▶ WHAT YOU HAVE TO DO:
Would you please transcribe the listing exactly, with no images?

▶ DATASET EXCERPT:
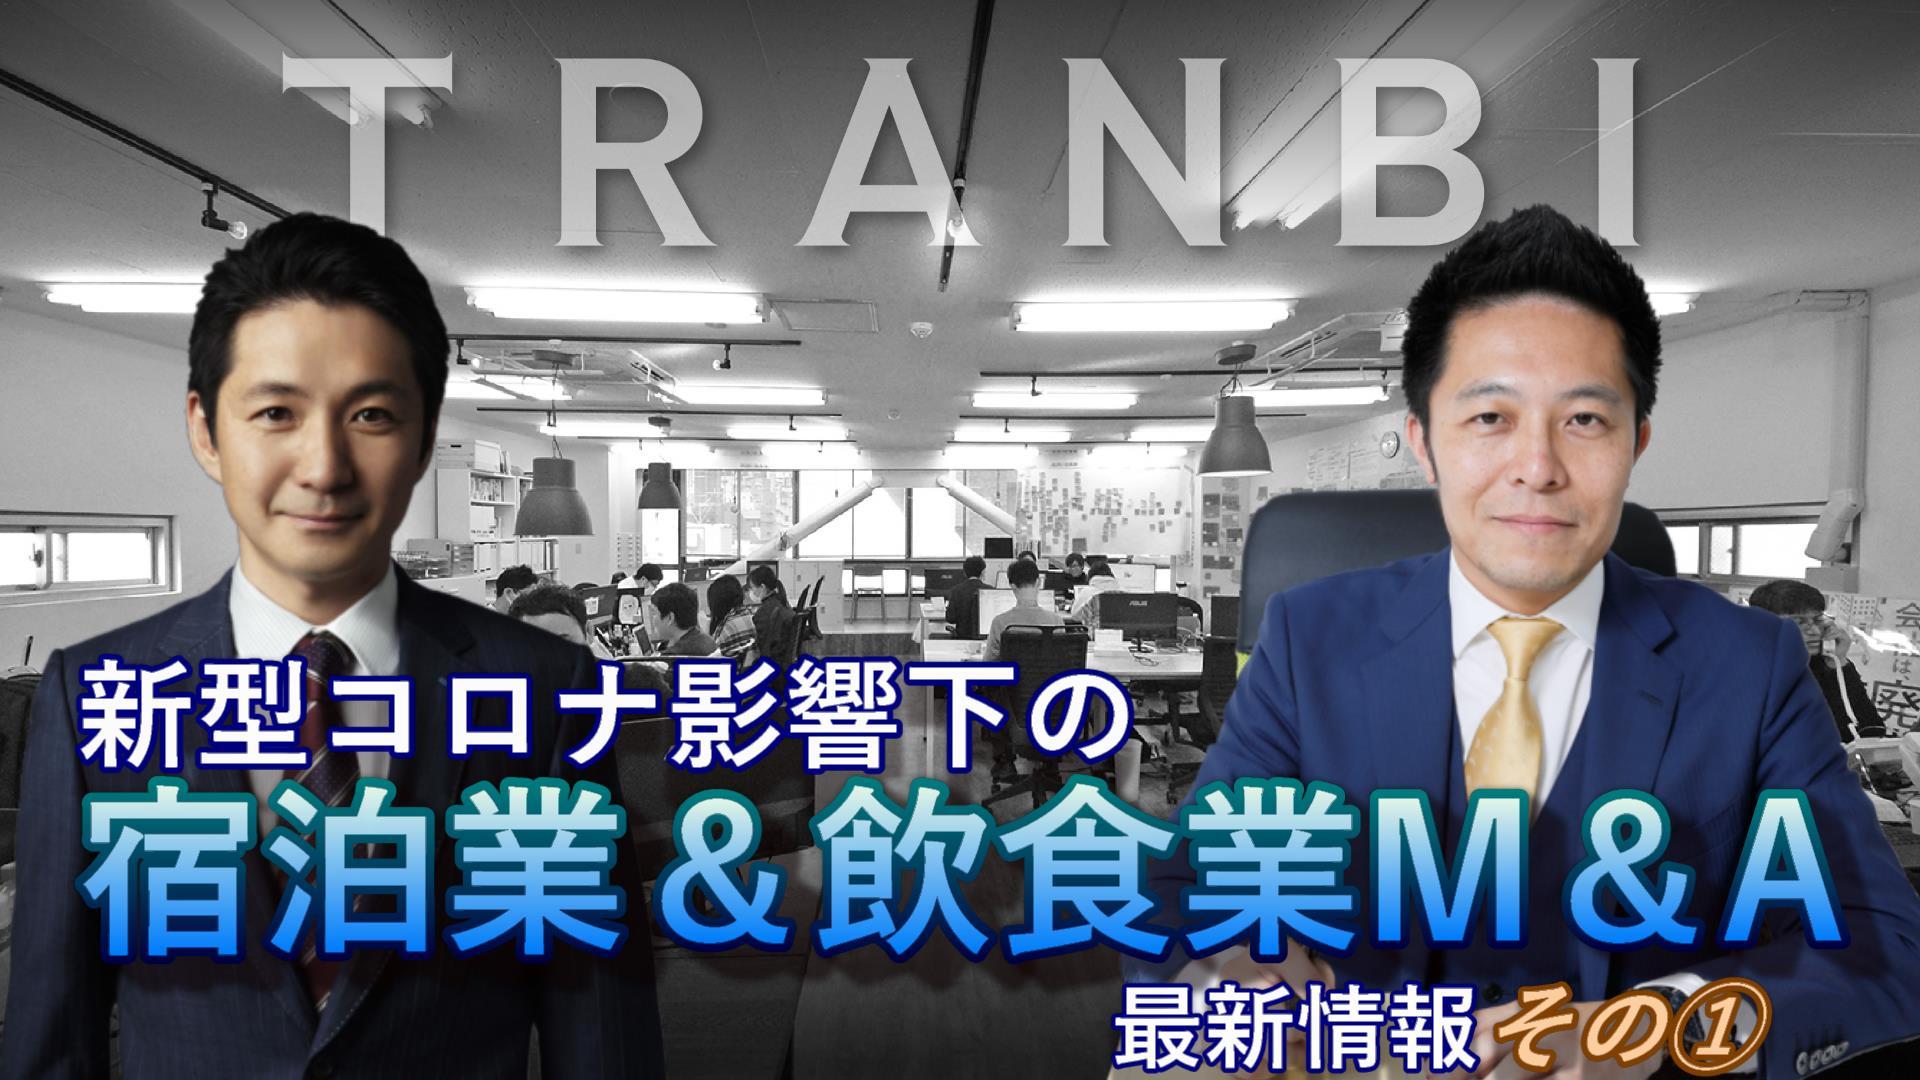 """新型コロナ影響下での """" 宿泊業&飲食業 """" M&A最新情報①"""
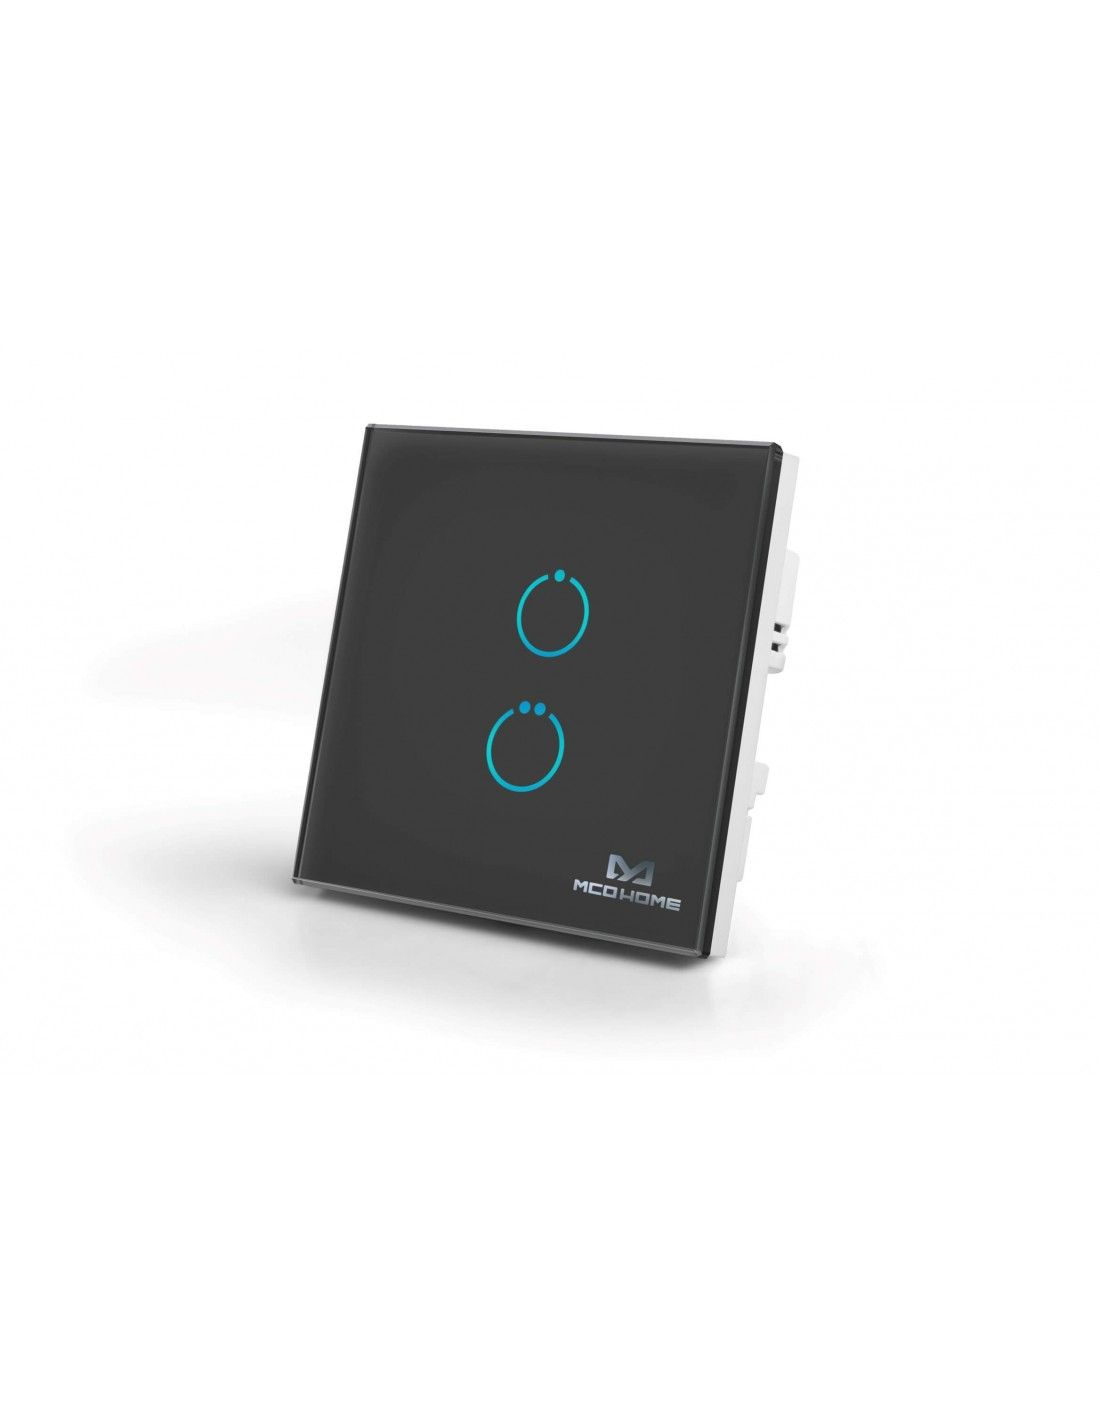 MCO Home - Schalter Touch Panel Z-Wave 2 Tasten, Schwarz (MH-S412B)
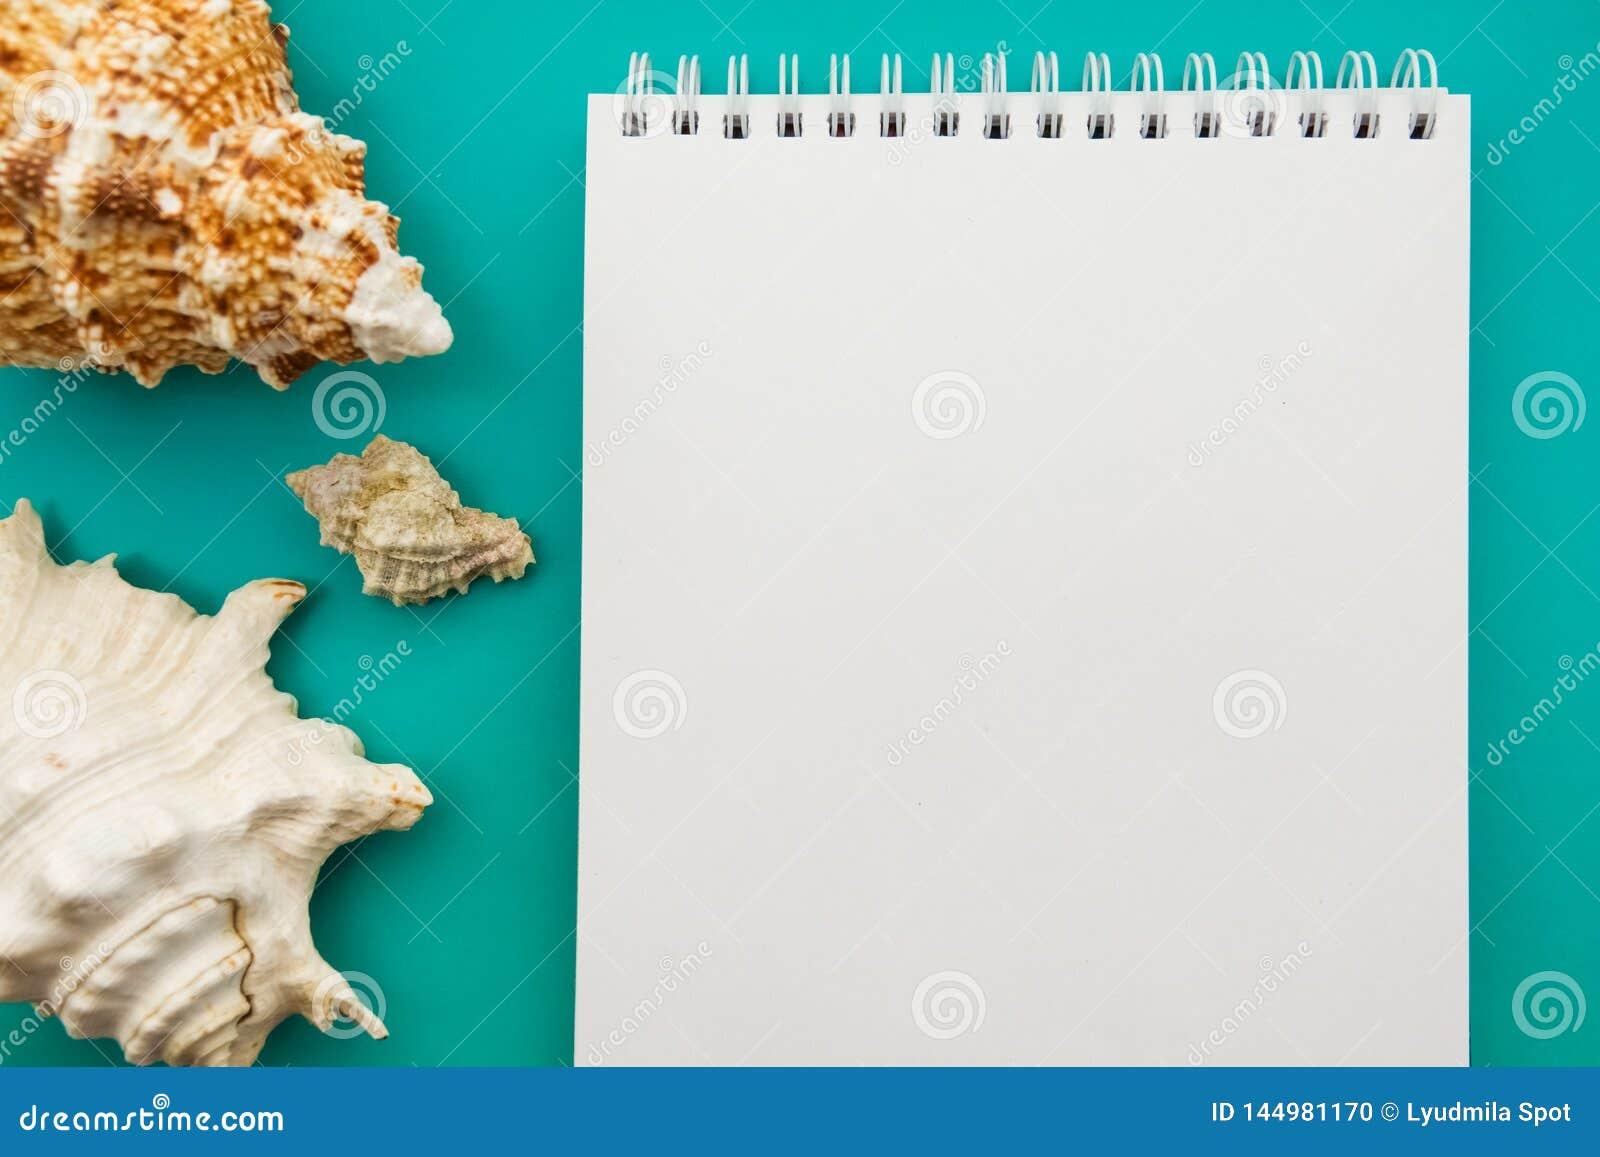 Ένα βιβλίο στις θαλάσσιες διακοσμήσεις Θέματα θάλασσας Διάθεση θάλασσας Μνήμες των διακοπών Λεύκωμα φωτογραφιών για τις διακοπές

▶ OUTPUT OF THE TASK:
 """新型コロナ影響下での """" 宿泊業&飲食業 """" M&A最新情報①"""
 MCO Home - Schalter Touch Panel Z-Wave 2 Tasten, Schwarz (MH-S412B)
 Ένα βιβλίο στις θαλάσσιες διακοσμήσεις Θέματα θάλασσας Διάθεση θάλασσας Μνήμες των διακοπών Λεύκωμα φωτογραφιών για τις διακοπές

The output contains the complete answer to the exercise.